God Of War Ragnarok’s Thor Is No Match For Baldur

God of War Ragnarok opens in a similar fashion to its predecessor. We get some focussed scenes between Kratos and Atreus, a general hint at the tone and narrative, all disrupted by a thunderous arrival and a cinematic boss battle. In the 2018 game it was Baldur, then just identified as ‘The Stranger’. In 2022, we face Thor. This difference in presentation underlines the two clashes, and right now, Ragnarok is lagging behind.

With Baldur, everything is mysterious. Just calling him The Stranger is enough to pique our interests – even if this was your first God of War game, Kratos’ immense power is well known. That Baldur can not only match, but better him, draws us in. Who is this shadowy figure appearing from the wilderness, how can he take on Kratos and win? We’re learning the controls as we go, and the Baldur battle facilitates this superbly, offering the narrative justification of a rusty Kratos rediscovering the will for the fight. There are thematic undertones here too, with the cold and stoic Kratos turned loyal protector for his son. He might not know how to be a father yet. But he knows how to keep Atreus safe.

The Baldur fight was always going to be difficult to overcome. For me, it’s God of War’s best moment and one of the most ingenious boss battles ever conceived. It is both tutorial and narrative, while also setting out the game’s themes and tone. Beneath all that, on a raw gameplay level, it’s magnificent too, constantly offering fresh ways to approach it and surprising you both in Baldur’s attack patterns and in the story beneath it all. You wouldn’t have blamed Ragnarok for wanting to ditch the comparison entirely – it has enough credit in the bank from the last game to risk a very different, slow burn of an opening. But we get bombast again, and despite the arrival of the God of Thunder, lightning doesn’t strike twice.

It’s clear our first fight with Thor is supposed to parallel our clash with Baldur. We fly through the roof, then battle within ourselves as Kratos holds back and slowly unleashes more of his power. Much like Baldur, Thor taunts us, trying to draw the real Kratos out. He wants, as Baldur did, a worthy foe. It also mixes actual fighting with cinematics seamlessly, narrative and gameplay flowing together like conjoined streams meeting in the mountains. It ends with a sense of unfinished business too. Thor flees with a derisive comment at the battle’s conclusion and, like Baldur, it’s clear we’ll meet again. Don’t know where, don’t know when, but we’ll meet again.

The problem is, in staying so loyal, it’s constantly overshadowed. There’s no mystery with Thor. We know exactly why he’s there, so when he taunts Kratos, it feels less like it’s offering rich narrative themes and more like it’s a catch up for the player. Why’s Thor mad at Kratos again? Oh right, the whole killing his sons thing. Yeah yeah, I remember now. Oh, he just threw the hammer!

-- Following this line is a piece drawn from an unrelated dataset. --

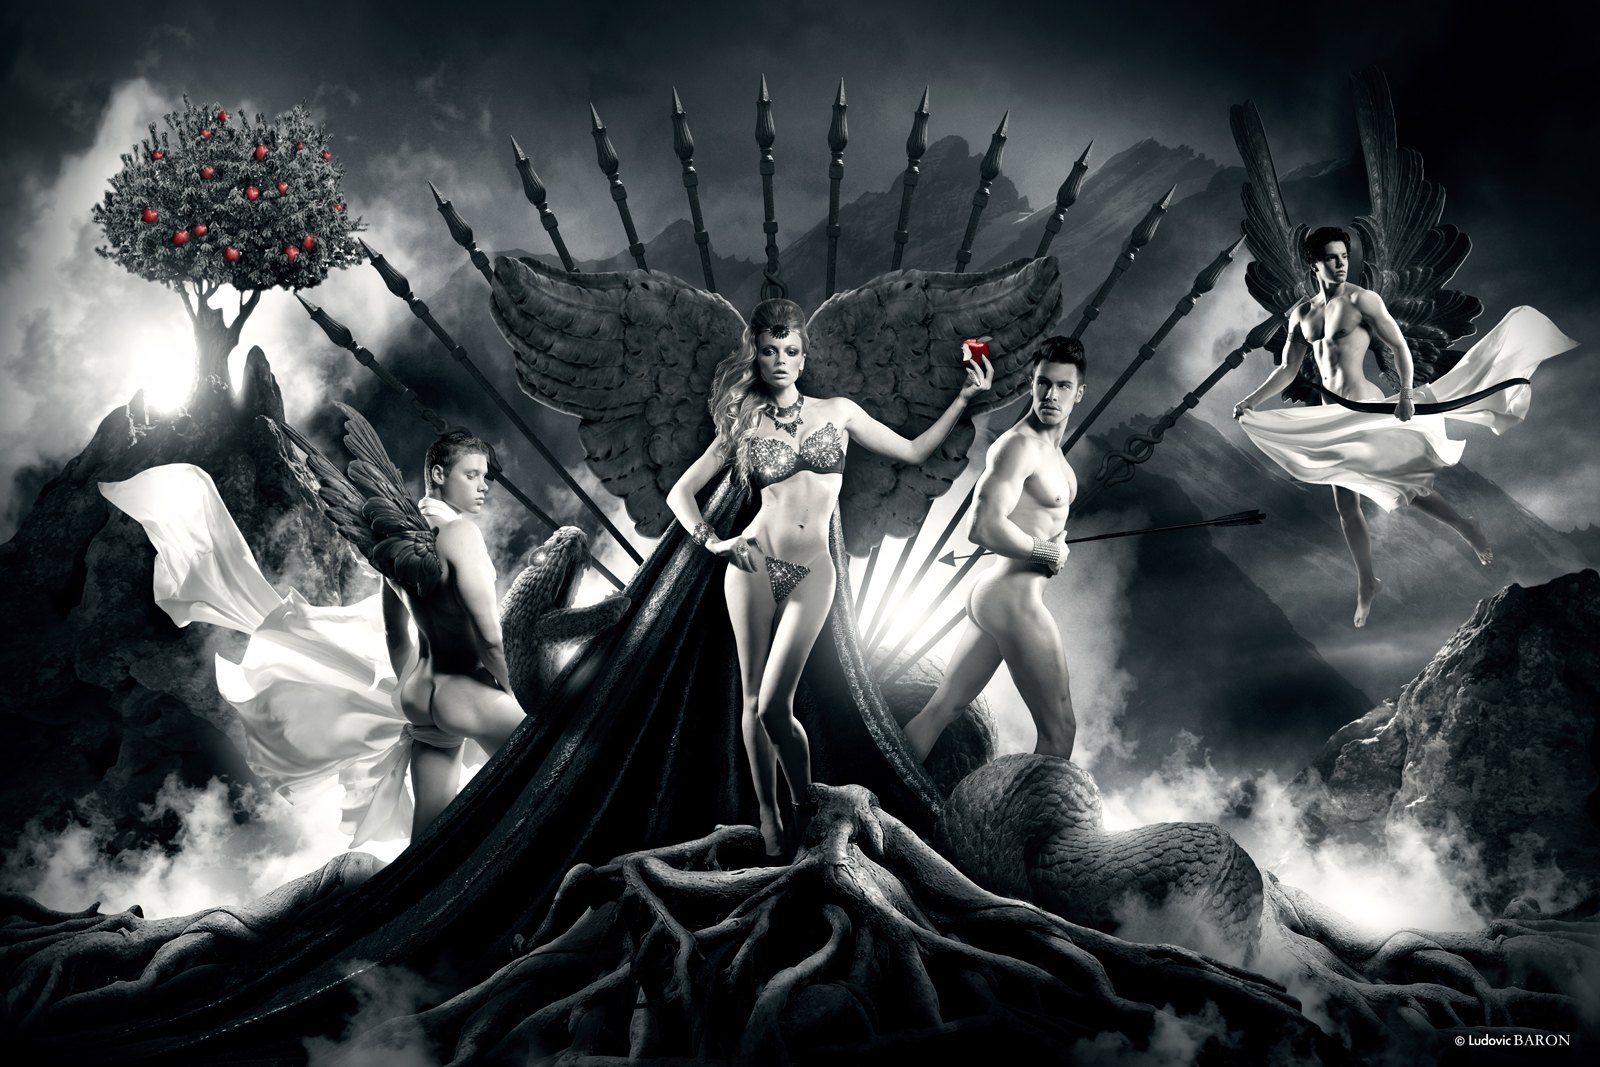 Tableau Eve et ses courtisans - Photographe Ludovic Baron 2013 (c) WEB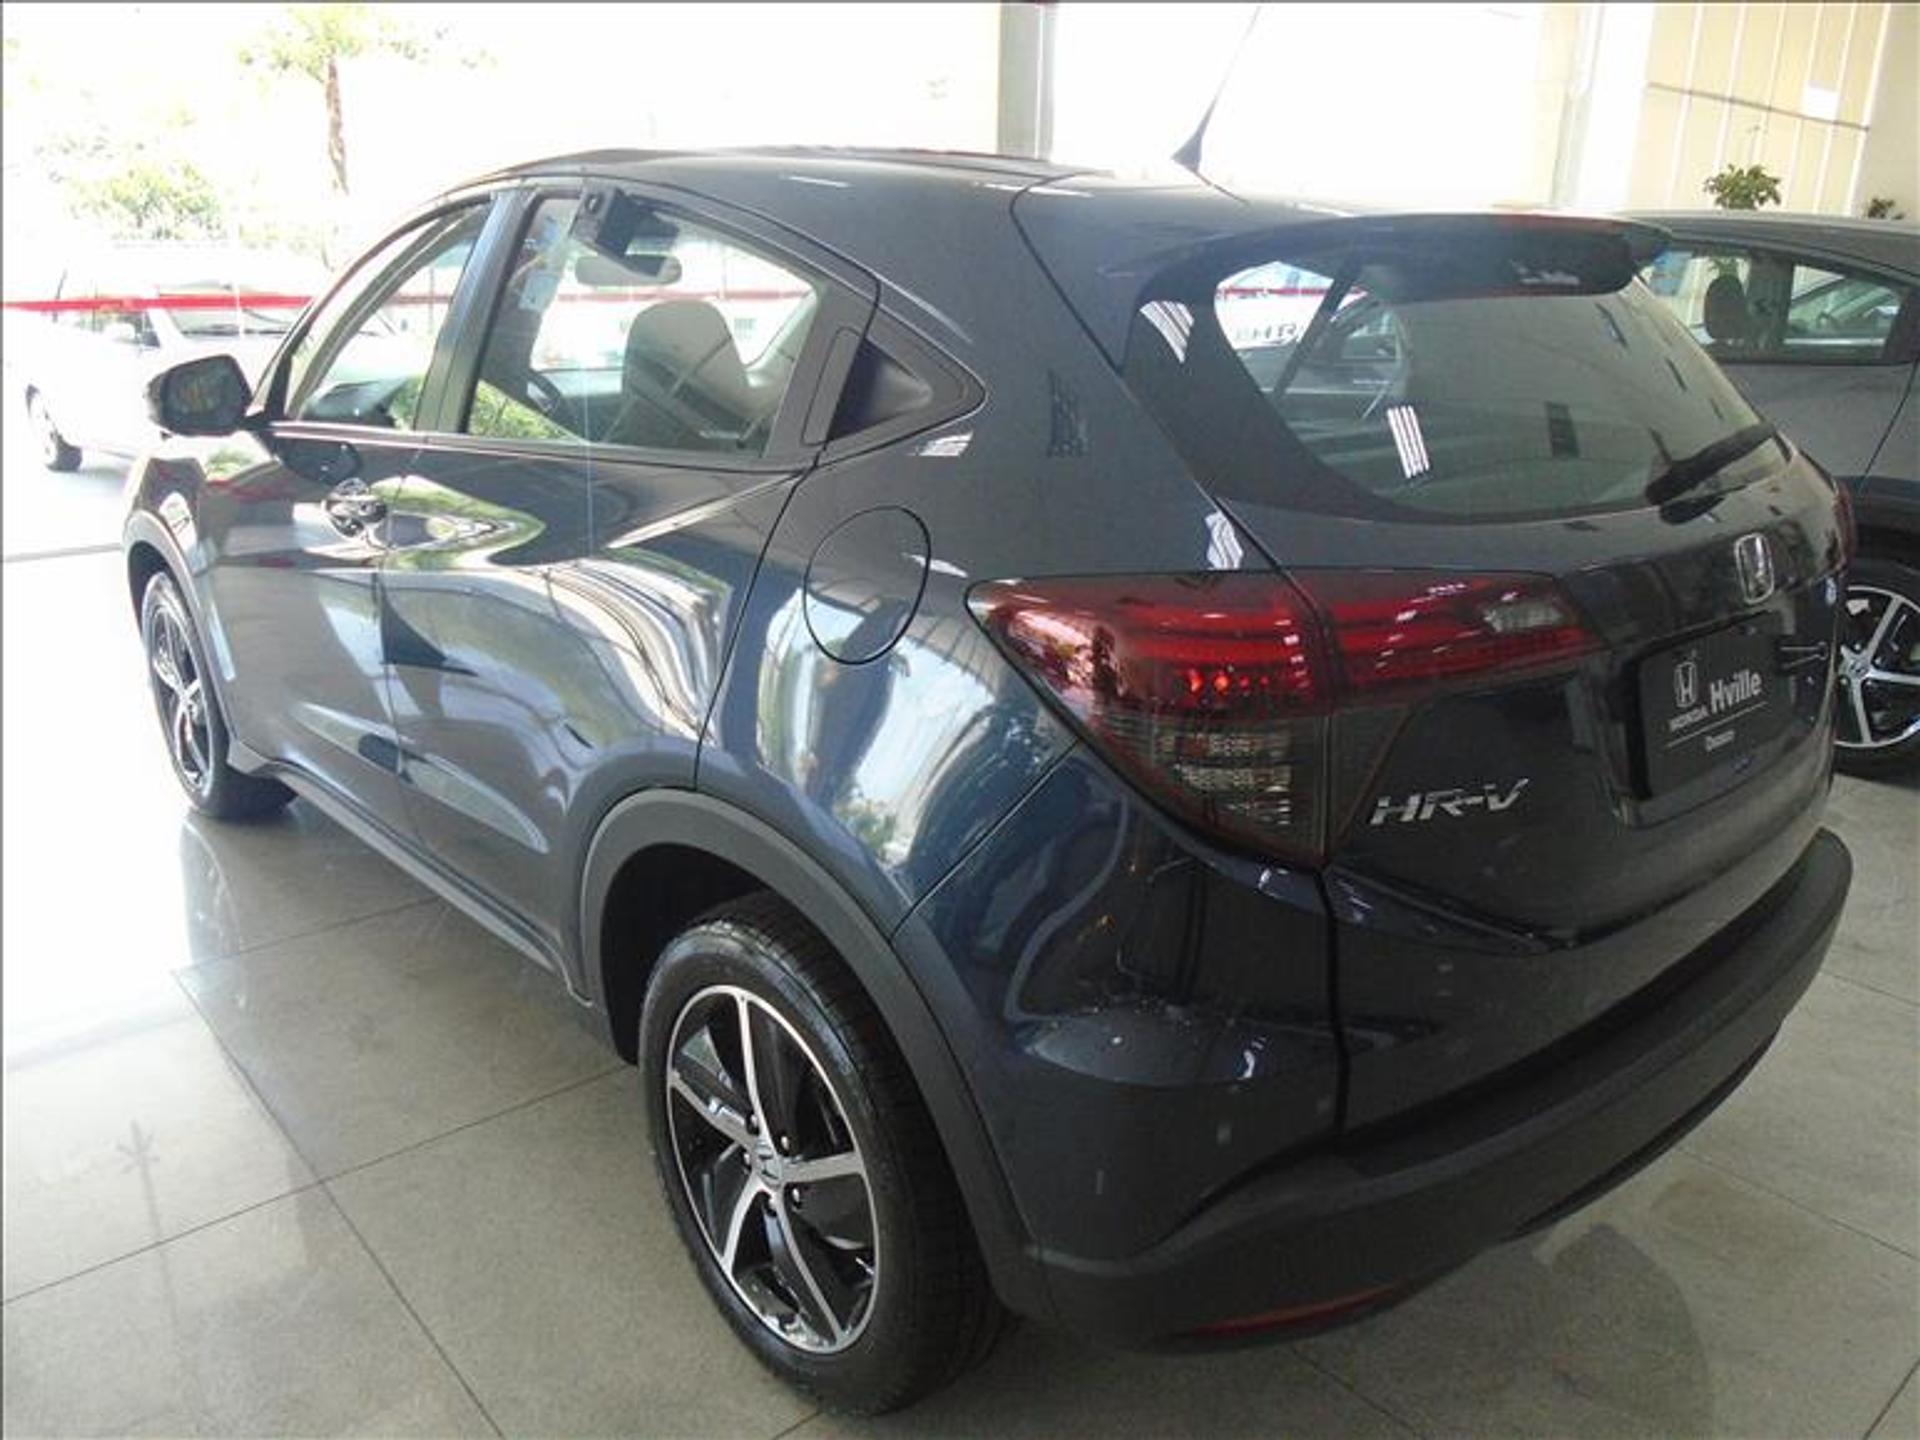 Honda Hrv 1.8 16v Flex Lx 4p Automatico Wmimagem18391170348

That’s cool!

There’s just an air of trying too hard. At one point, Thor ‘kills’ you, and the game over screen loads, followed by Thor breaking the fourth wall (maybe?) by telling you you can’t get away that easily, and defibrillating you with a jolt from Mjolnir. It feels like an attempt to one-up the way Baldur plays with interactivity, but it flatlines. The game over screen didn’t load properly for me (no tips or other formatting), and the game rushed past the gimmick too quickly for it to matter. If you haven’t died at that point (likely, given how early it comes), you won’t even appreciate what’s going on. Not to mention it’s cribbed from Batman: Arkham Asylum, which did it better over a decade ago.

As for the battle itself, it’s just not as enjoyable as Baldur. Where the original used its mystery to weave into the fight, with Baldur constantly surprising you and emerging from defeat, Thor’s fight trades on hype. There are some intense cinematic moments, but when you’re controlling Kratos it’s all a little simplistic, offering a stop-start time and never giving you an inch. Phases end arbitrarily and awkwardly contort into cinematics because the whole arena needs to change. The whole thing smacks of effort, man.

God of War Ragnarok has been interesting so far. I’m nowhere near far enough through to judge it entirely yet, and it seems to have kept the same introspective tone that aided 2018’s version so well. But the first time the game shows its full might is with Thor. Right now, it feels like Ragnarok is slipping behind, and it needs to get its head back in the game.